__TO DO__:
Repeat all of the data below word for word, keeping no images.

__GIVEN INFORMATION__:
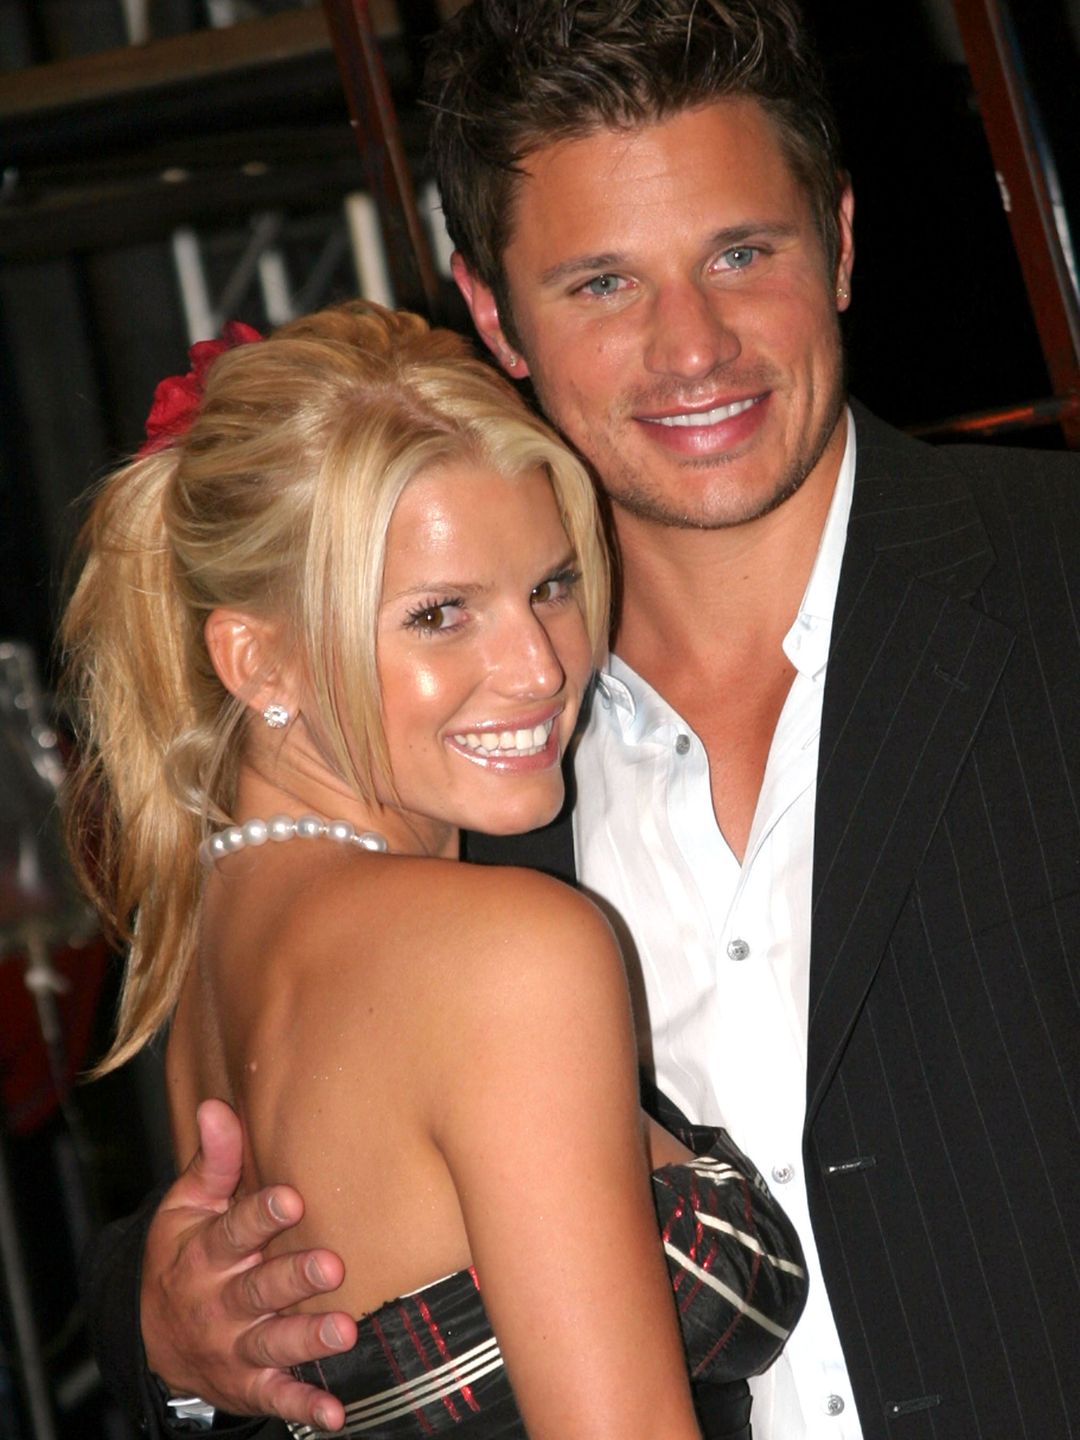 Nick Lachey and Jessica Simpson Reality TV Show Moments
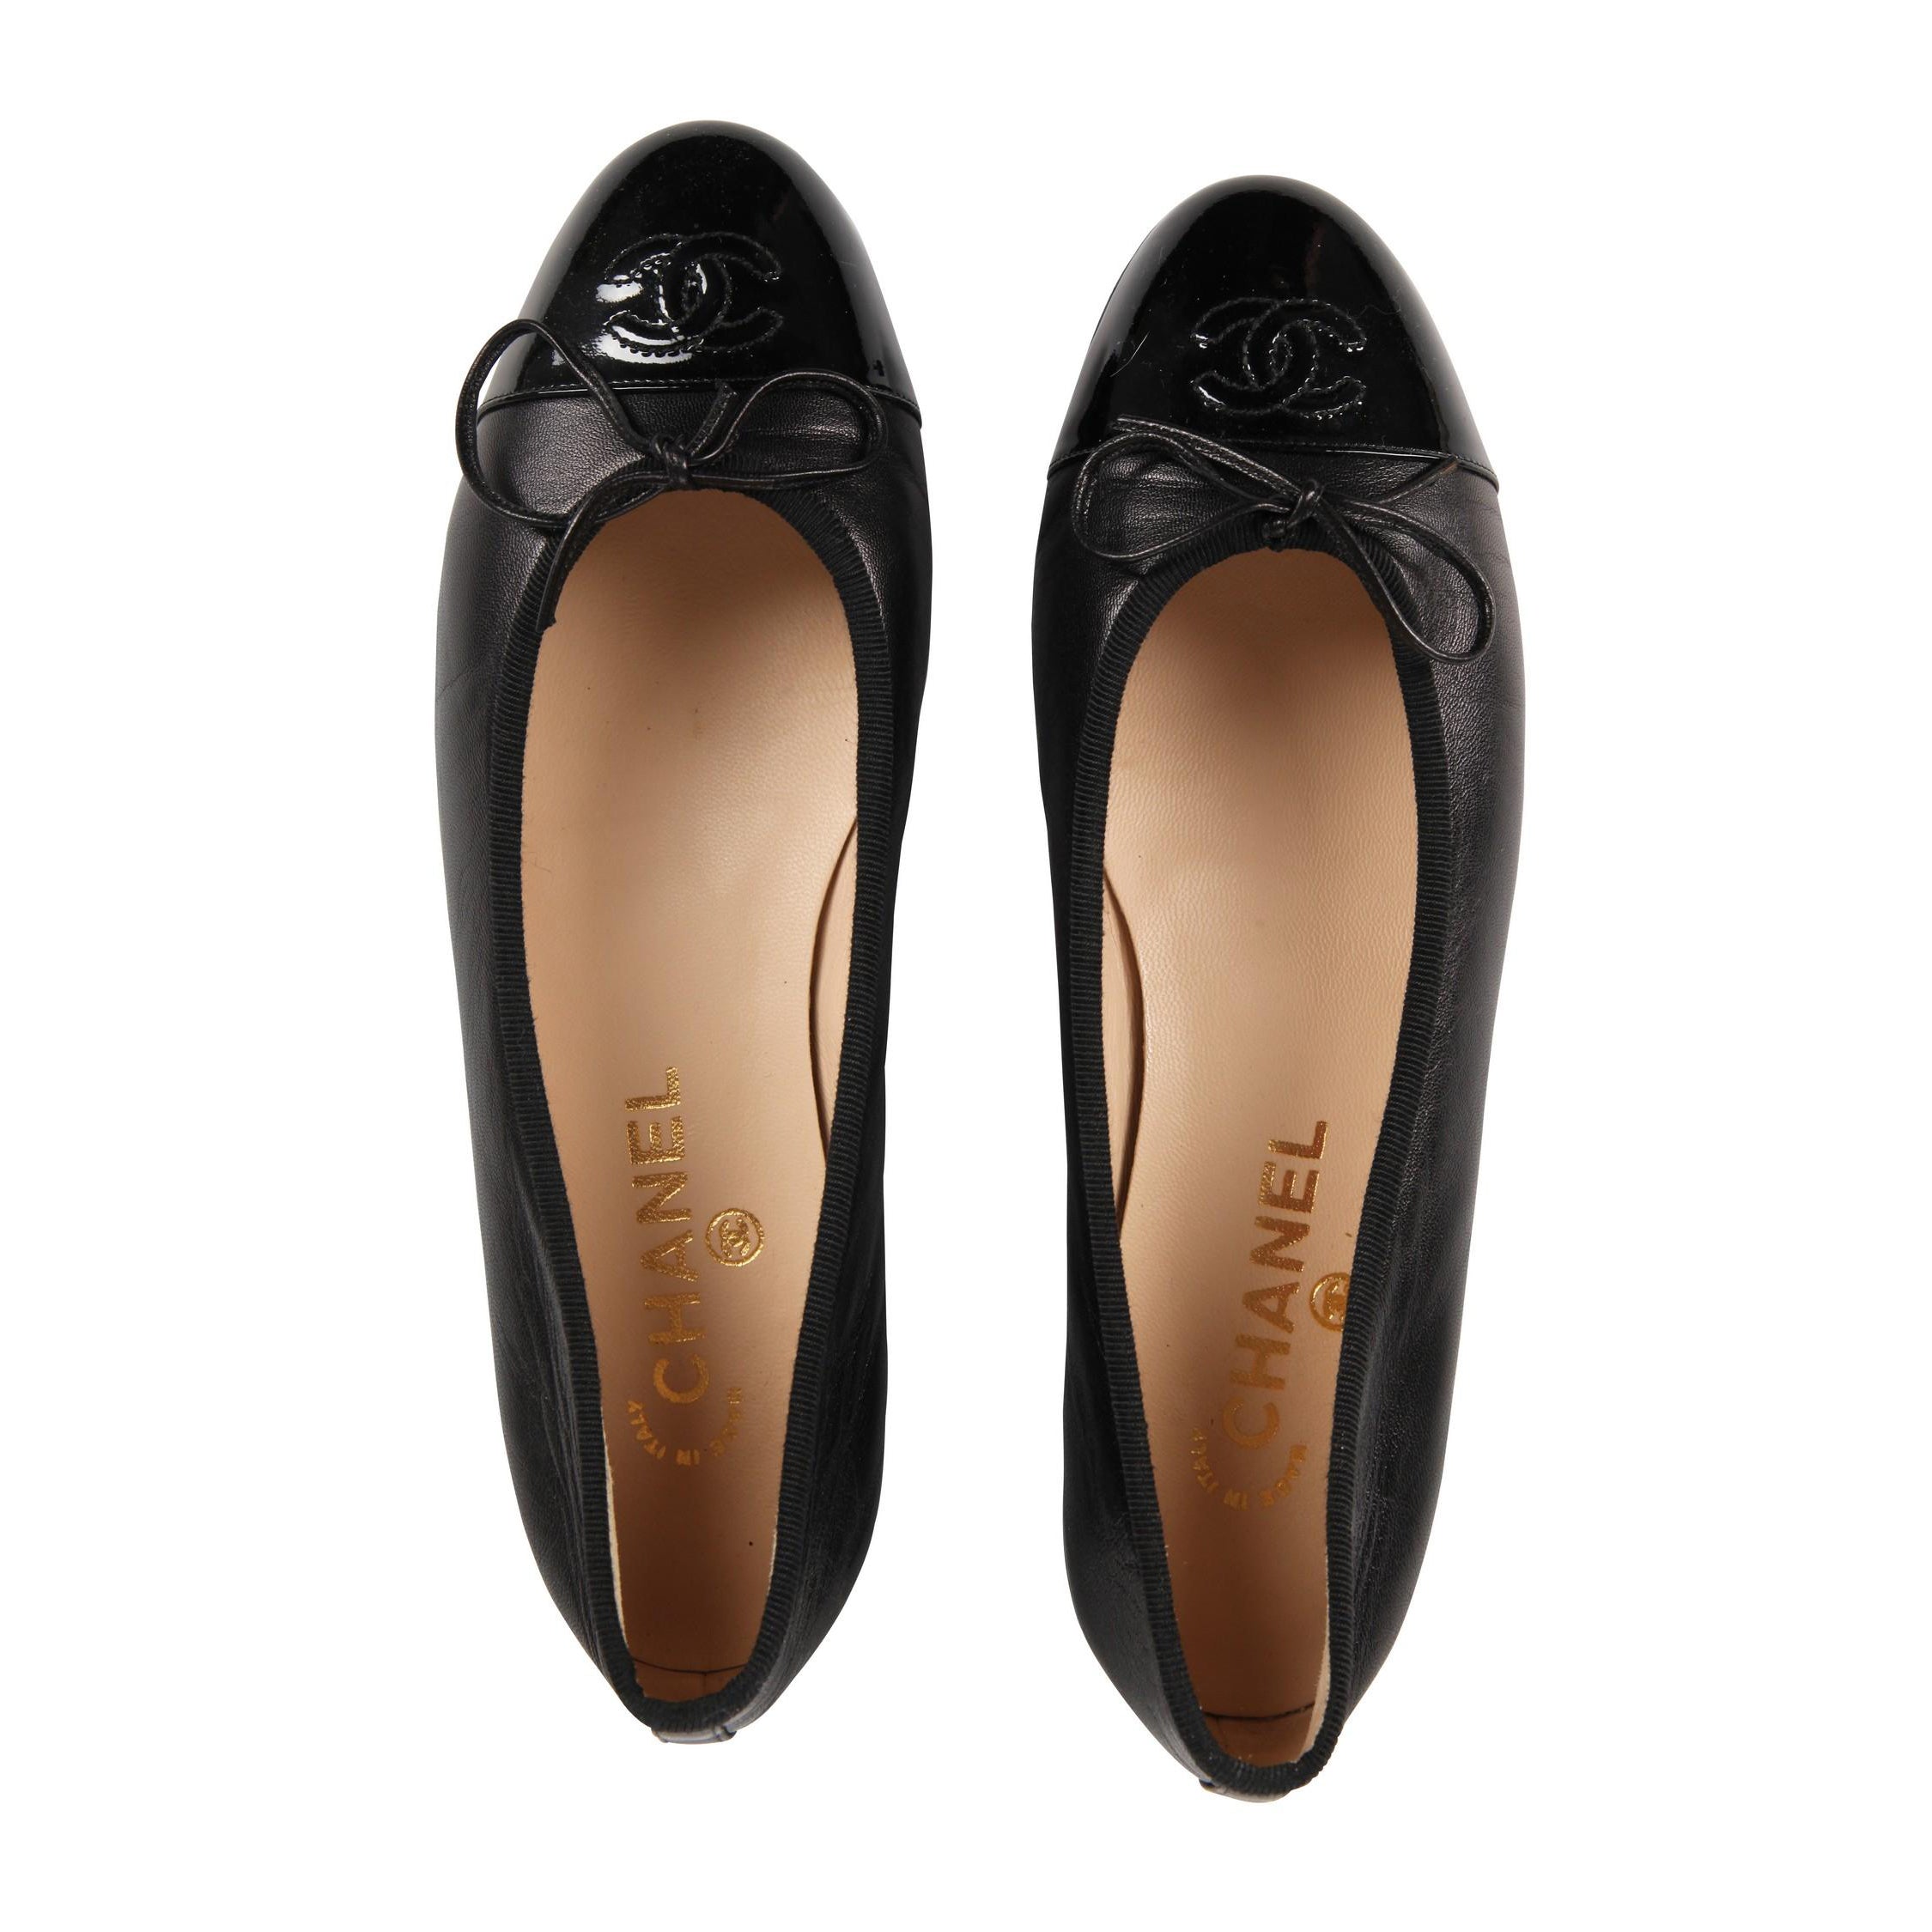 Leather ballet flats Chanel Black size 39.5 EU in Leather - 34304423
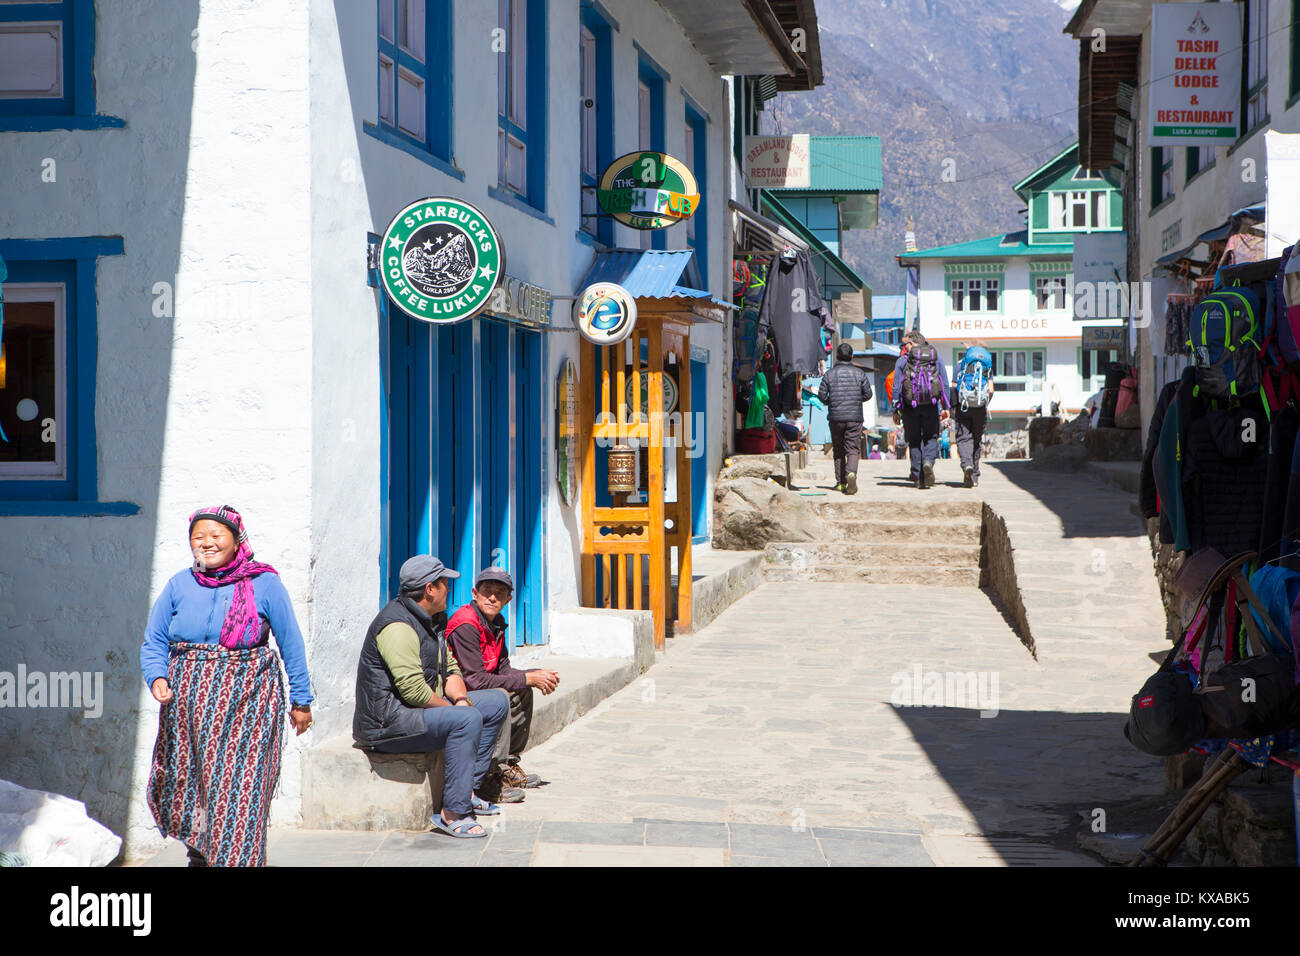 Street view of Lukla, a mountain village in the Nepalese Himalaya and starting point of the famous multi day Everest Base Camp trek through the Khumbu Valley. Stock Photo

__WRITTEN REPLY__:
 Nick Lachey and Jessica Simpson Reality TV Show Moments
 Leather ballet flats Chanel Black size 39.5 EU in Leather - 34304423
 Street view of Lukla, a mountain village in the Nepalese Himalaya and starting point of the famous multi day Everest Base Camp trek through the Khumbu Valley. Stock Photo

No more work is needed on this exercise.